Although new restrictions on rights have now been reimposed in some European countries due to rising cases and the new ‘Omicron’ variant, in many countries including the US and the UK the debate on rights has largely moved onto the existence of vaccine passport or vaccine mandate schemes. This refers to the decision by either private companies or governments to require, by law, vaccination in order to enter a venue or workplace. In the case of Austria, it refers to legally-required nationwide vaccination. It is legitimate for businesses to enforce a requisite - such as vaccination - for entering their premises, due to the rights of landlords and business owners.

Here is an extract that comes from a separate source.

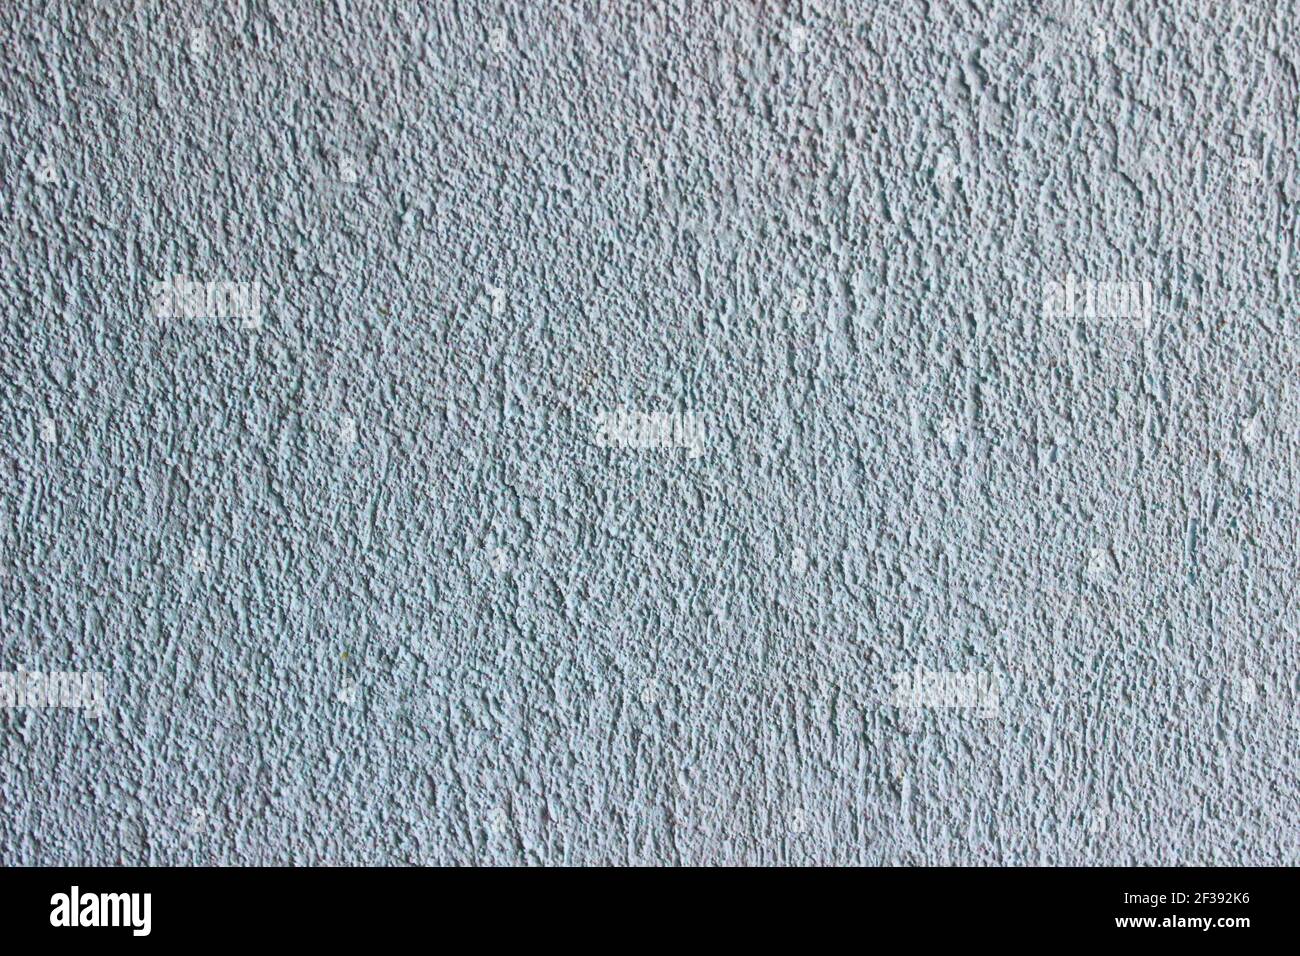 Abstract Grunge Decorative Light Blue Plaster Wall Background with Winter Pattern. Rough Stylized Texture Wide Screen With Copy Space for Design Stock Photo
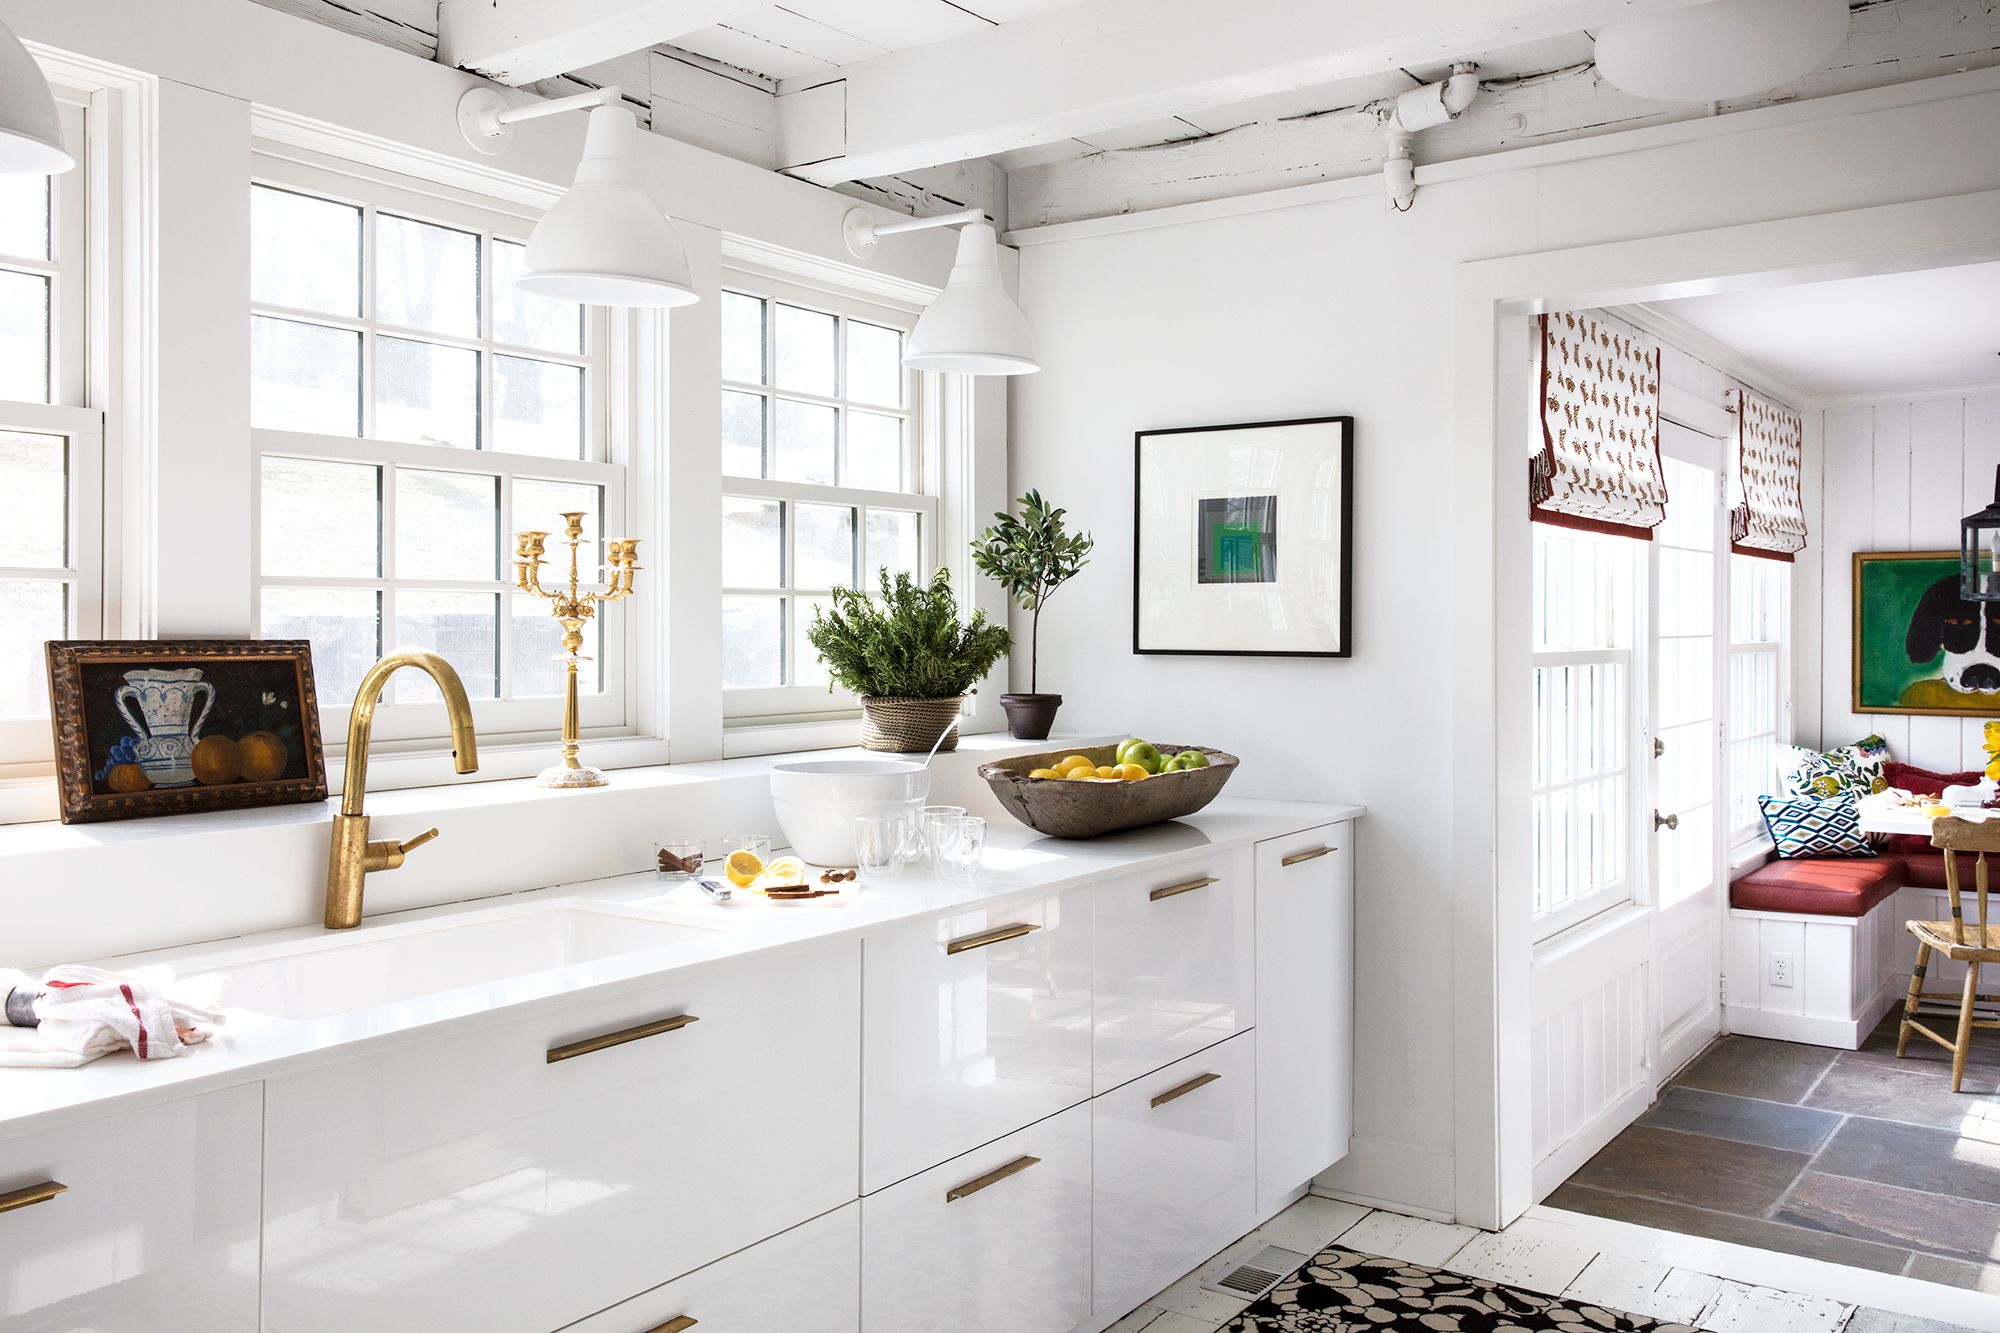 How to Decorate a Bathroom Sink | Pottery Barn

If one restaurant had a vaccination mandate whilst the restaurant next door did not, everyone has a choice: an unvaccinated person could go to the restaurant without the vaccine requirement, whilst a vaccinated elderly person concerned about the health threat from an unvaccinated person could choose the restaurant with the requirement. This is why the efforts of some US states, such as Florida, to ban businesses from putting in place a vaccine requirement, appears irrational.

However, what is more worrying is the efforts of national governments to require vaccination in order to enter privately-owned businesses, as many European nations, Scotland, Wales, Northern Ireland, and New York do, amongst others. There is a clear violation of an individual's personal choice and right to choose what goes into their body.

The effectiveness of vaccine passports is also in doubt. According to a new scientific paper, the “transmission risk reduction gained by excluding unvaccinated people is very small for most settings”. The paper uses the measure of NNE (number of unvaccinated people that need to be excluded from a venue to prevent one Covid-19 infection from an unvaccinated person). For example, the NNE for transport is 4,699, 2,193 for work or study places, and 1,731 for public places. This suggests that the vaccine passports seen across the Western world could be infringing on individual rights for very little public health benefit.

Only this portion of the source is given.